Support and Documentation

Amazon Textract

With the Amazon Textract plugin, you can extract text from PDFs, JPGs, and PNGs. Brightspot associates the extracted text with the files, so editors can then search for and use your files in their own content.

Configuring Amazon Textract

Administrators perform this task.

Procedure. To configure Amazon Textract:
  1. Ensure the following plugins are enabled:

    • Express: DAM

    • Express: Textract

    For details, see Enabling and disabling plugins.

  2. Obtain the following Textract settings from your AWS console:

    • SQS Queue Name

    • Topic ARN

    • Role ARN

  3. From the Navigation Menu, select Sites & Settings.

  4. In the Sites widget, select Global. The Edit Global widget appears.

  5. Configure the interface with AWS Textract by doing the following:

    1. Under Main, expand AWS Textract, and enter the SQS Queue Name, Topic ARN, and Role ARN you determined in step 1.

    2. In the Minimum Block Confidence field, enter confidence values for text within each block. Generally, higher confidence levels provide more accurate results (fewer false positives) but may miss some matches (more false negatives).

  6. Configure the thumbnail generator by doing the following:

    1. Expand DAM Document Data Extraction Settings.

    2. Under Extractor Services, click |mi-add_circle_outline|, and select Textract Document Data Extractor. A form appears.

    3. From the Thumbnail Extractor list, select Pdf Document Data Extractor.

  7. Click Save.

Textract is configured, and editors can view the results of a text extraction in the content edit form.
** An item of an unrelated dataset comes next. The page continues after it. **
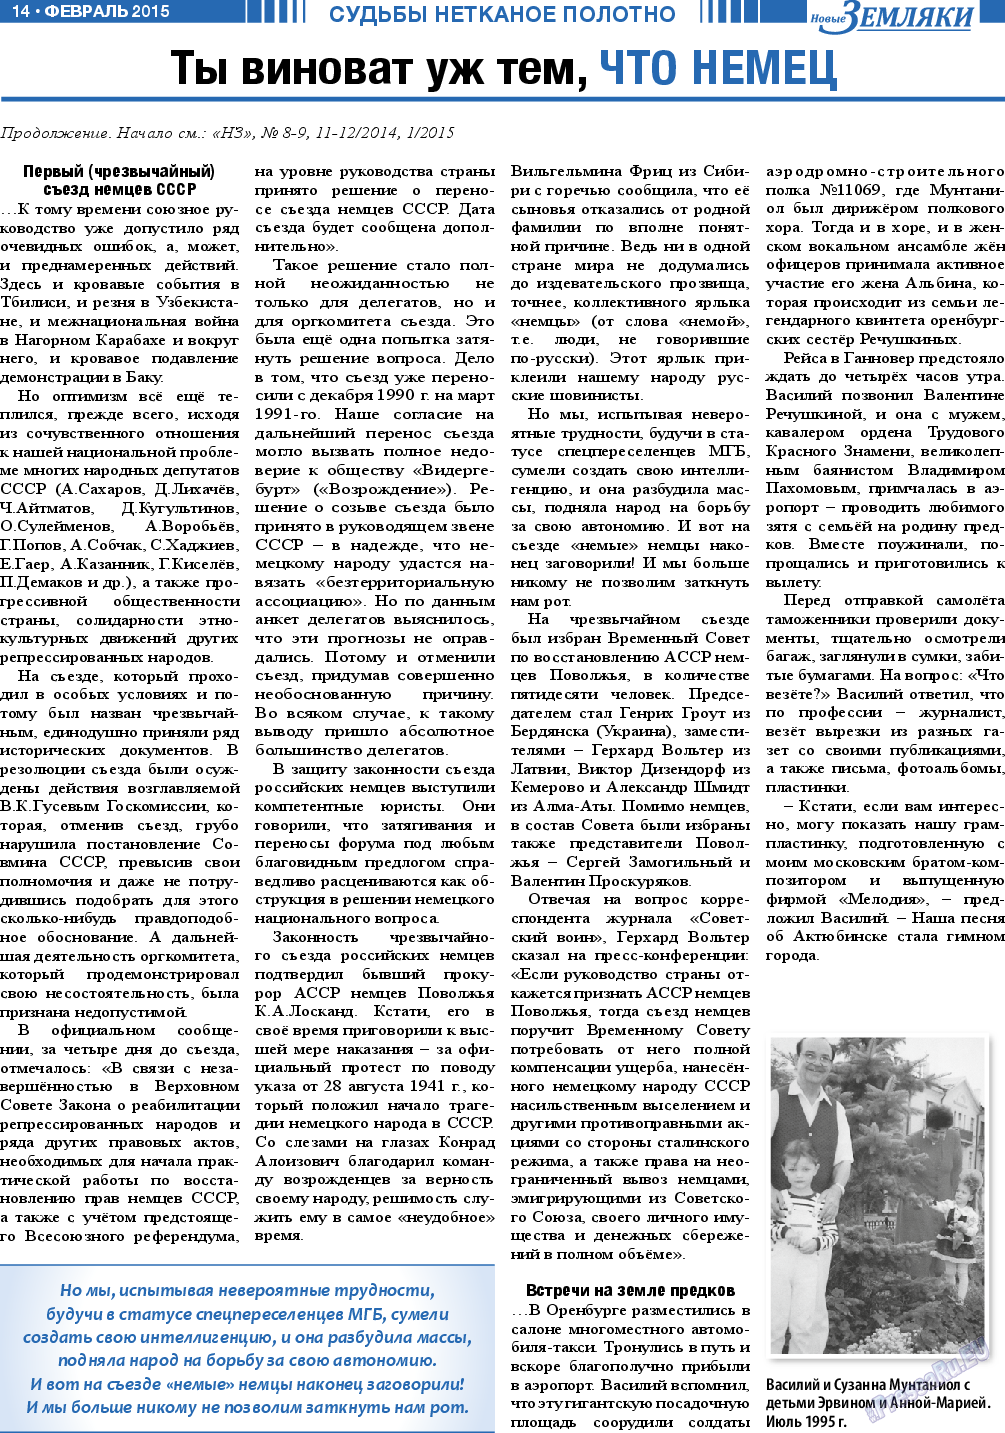 Новые Земляки, газета. 2015 №2 стр.14

Extracting text from a PDF or image

You can use Amazon's Textract service for extracting text from PDFs and images you upload to Brightspot. When editors search for words in the extracted text, Brightspot includes in the search results the file you uploaded.

Procedure. To submit a PDF or image to Amazon Textract:
  1. From the Quick Start widget, select Document. A content edit page appears.

  2. From the File list, select New Upload.

  3. Click Choose, and navigate to a file you want to upload to Brightspot. The file must be a PDF, PNG, or JPG.

  4. Complete the content edit form as required.

  5. Complete your site's workflow and publish the item.

  6. Expand Extracted Data, and review the extracted text and thumbnail.

Image submitted to Amazon Textract
Figure 105. Image submitted to Amazon Textract


Result from Amazon Textract
Figure 106. Result from Amazon Textract


When editors search for keywords in the search panel, Brightspot includes the submitted PDF or image in the search results. Referring to the previous example, if an editor searches for gallon in the search panel, Brightspot includes the above image in the search results.

You can modify the thumbnail as necessary. For details, see Preparing an image for publication.